A total of 2951 ddRAD-seq loci (358,999 base-pairs (bp)) were recovered across chromosomes, including 2751 autosomal (333,731 bp), 193 Z-sex chromosome linked (24,331 bp), and 7 W-sex chromosome linked (937 bp) that met our sequencing coverage and missing data criteria for 1916 samples (Supplementary Fig. S1). We obtained an average median depth of 167 sequences/locus, with a median sequencing depth range of 26–235 sequences across samples. Importantly, sex was reliably identified across samples based on sequencing depth ratios of the sex and autosomal chromosomes (Supplementary Data 1 and Supplementary Fig. S2). Finally, a total of 600 overlapping base-pairs of the mtDNA control region were also obtained across the 1862 samples (of 1916); note once again that mtDNA was lacking for the feral mallards of Hawaii (see specifics in Supplementary Data 1).

Mitochondrial DNA

We recovered known Old World (OW) A and New World (NW) B haplogroups in our mtDNA haplotype network (Fig. 2a;48,49,50).
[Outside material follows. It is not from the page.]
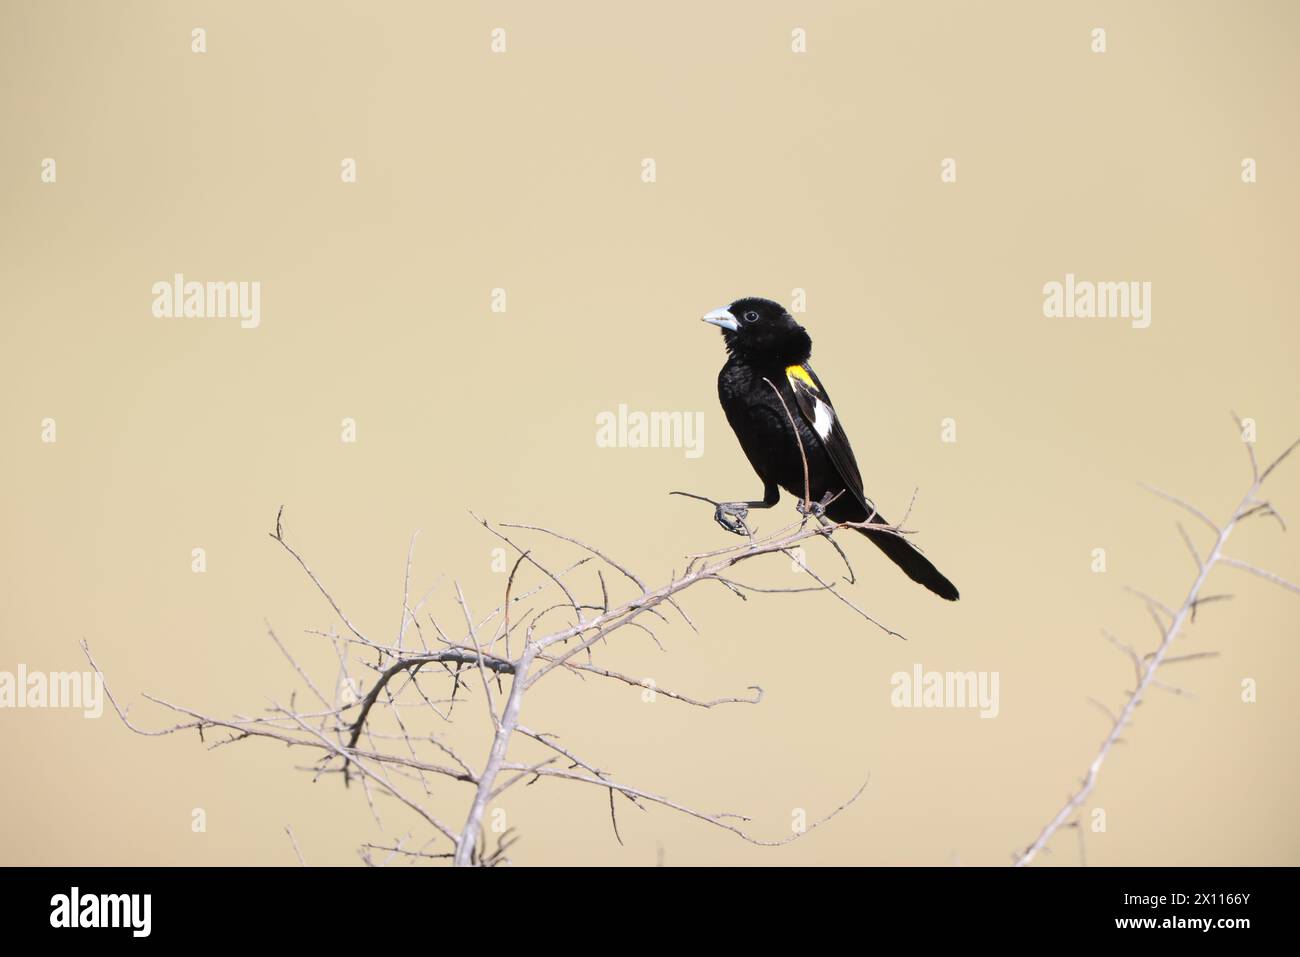 White-winged widowbird (Euplectes albonotatus) is a species of passerine bird in the family Ploceidae native to Africa south of the Sahara. Stock Photo

First, all domestic, feral Khaki Campbell’s, and all but one Eurasian wild mallard were recovered within the OW A haplogroup. The one wild mallard from China possessed a NW B haplotype, which may represent a North American migrant; however, being unique, it is also possible that this haplotype represents introgression with endemic spot-billed ducks (A. poecilorhyncha) that also possess B haplogroup variants51. Additionally, a single wild mallard from the Netherlands was recovered within the Khaki Campbell’s haplotype. Although New Zealand’s feral mallards primarily carried OW A haplotypes (91% of samples), eight samples carried six NW B haplotypes not shared with any other wild mallard (Fig. 2a; see Supplementary Data 1 for sample specifics).
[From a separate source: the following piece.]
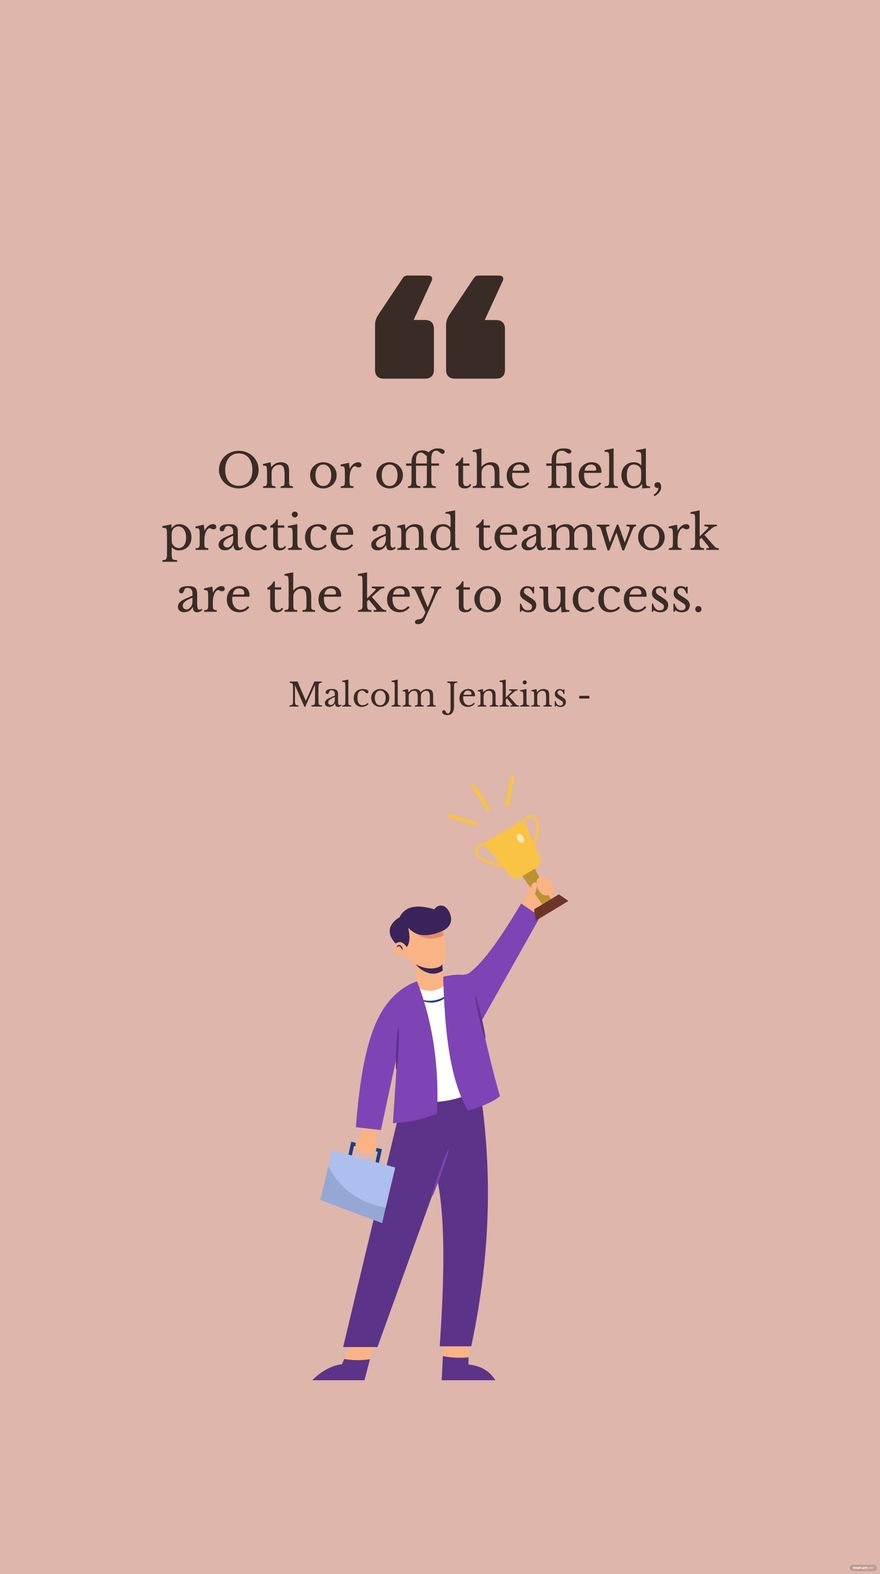 Free Malcolm Jenkins - On or off the field, practice and teamwork are the key to success. in JPG

Fig. 2: Mitochondrial DNA population structure.
figure 2

a A haplotype network based on 600 base-pairs of the mitochondrial control region and sequenced across wild mallards, known game-farm mallards, and feral mallard populations. b Plotting the proportion of samples recovered with either the Old World (OW) A or New World (NW) B haplotype across sampled locations. Note that North America was grouped by the four known migratory flyways that waterfowl use during annual migrations.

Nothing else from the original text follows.